Ku teguk secangkir kopi hitam di ujung malam, bintang dan rembulan yang masih sealis nampak malu-malu menyapaku di beranda rumah. remang cahaya philips 5 watt kian menambah hangat suasana malam. aku tertegun dengan segudang angan dan harapan yang belum sempat tergapai. ini penghujung ramadhn tahun ini. orang-orang mulai sibuk ini itu meyambut hari kemenangan. jalan-jalan, pertokoan, mall dan pasar kian ramai. meski ada larangan pemerintah untuk tidak keluar rumah efek covid-19 yang mulai melanda negeriku maret lalu 2020.
Sesekali aku tengok kenangan lalu. aku, tom, kris dan kawan-kawan lainnya, biasa mengisi malam dengan duduk-duduk bersednau gurau sambil menunggu waktu yang pas buat tong-tong prek. ya itu kebiasaan kami dulu, sebagai bentuk partisipasi sederhana dalam rangka membangunkan warga untuk menyiapkan santap sahur. sebuah tradisi yang turun-temurun dan perlahan mulai punah, diganti dengan era digital yang mungkin bagi kami tak seindah dulu.
ini sudah hampir 20 tahun yang lalu, ketika kita sedang enerjik-enerjiknya menikmati masa remaja. ah sudahlah biar kenangan itu tertulis indah dalam jiwa- masing-masing kita. hari ini dan esok pagi, kita sudah berada pada rel kehidupan masing-masing. mungkin hanya secangkir kopi dan sebatang rokok yang terus menemani sebuah perjalanan. bersama jangkrik dan binatang malam lainnya yang hampir punah. yang jelas kehidupan yang sekarang jauh lebih keras dari semasa kita dulu.
Aku ingat Tom, yang sudah lama menjadi pejabat kampus ternama, sesekali aku membuka ponselku, melihatnya sedang menyampaikan pesan tausiyahnya kepada para audien. “kesalehan sosial kita diuji pada bulan yang penuh barokah ini” kata Tom dalam salah satu tausiyah paginya. aku ingat betul, Tom memang religius dan sosialis. ia tak segan-segan membantu siapa saja yang patut ia bantu, kecuali aku. “Aku percaya padamu, pasti kamu bisa” kata-kata Tom ketika aku memintanya masukan. ah Tom memang terlalu bersahaja.
Menjelang ahir bulan ini, aku melihat banyak orang menangis tanpa air mata, di pasar-pasar, di mall-mall harga-harga melambung tinggi. tentunya aku bukan tom yang serba berkecukupan. asal bisa makan sekeluarga saja sudah alhamdulillah. lupakan semua isi mall-mall dan pasar modern.

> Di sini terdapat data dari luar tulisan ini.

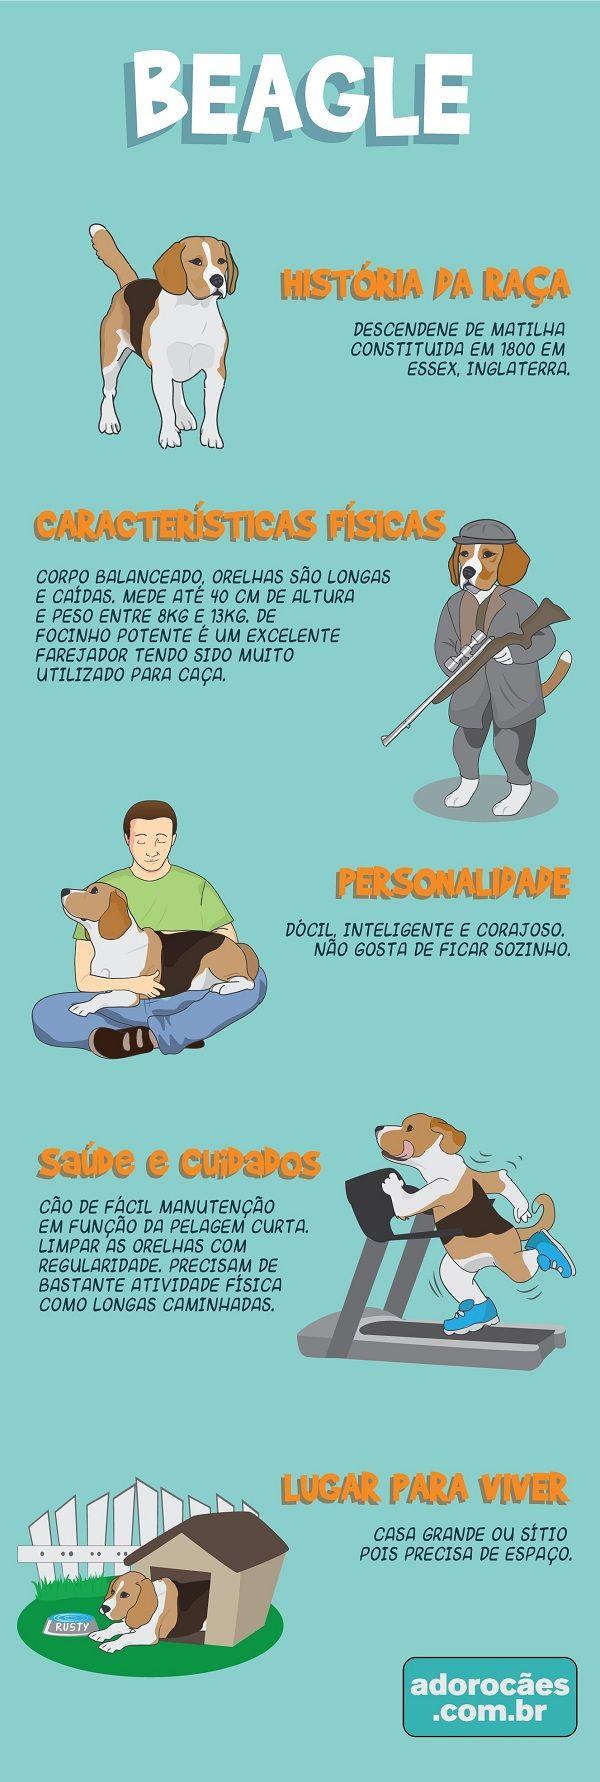 Beagle: história da raça, características físicas, personalidade, temperamento, saúde e cuidados, lugar para viver

Malam semakin larut, jari-jemariku belum lelah merangkai satu dua baris kalimat, aku teringat mereka yang dijalanan, aku teringat mereka yang dikolong jembatan, aku teringat mereka yang baru saja di-PHK efek Covid-19, aku teringat tausiyah tom tentang kesalehan sosial, yah aku teringat itu, tapi aku tak sanggup berbuat apa-apa selain berdoa dan berharap yang terbaik.
di sudut sana ada banyak yang menderita, tak sanggup sekedar untuk membeli singkong di pasar. di sudut sana ada yang sedang asyik berebut jabatan, mainkan bisnis ditengah wabah demi ambisi dan kekuasaan. aku ingat tausyiah tom tentang kesalehan sosialnya.
Pada ahirnya aku harus tertegun, dengan tatapan mata kosong, kesalehan sosial kita terkadang kalah jauh dengan kesalehan pribadi kita yang memang menggiurkan dan penuh gengsi. Asyik buat dipajang di media sosial, perbanyak like,bangga lupa jika ikhlas dan ria sangat tipis jaraknya.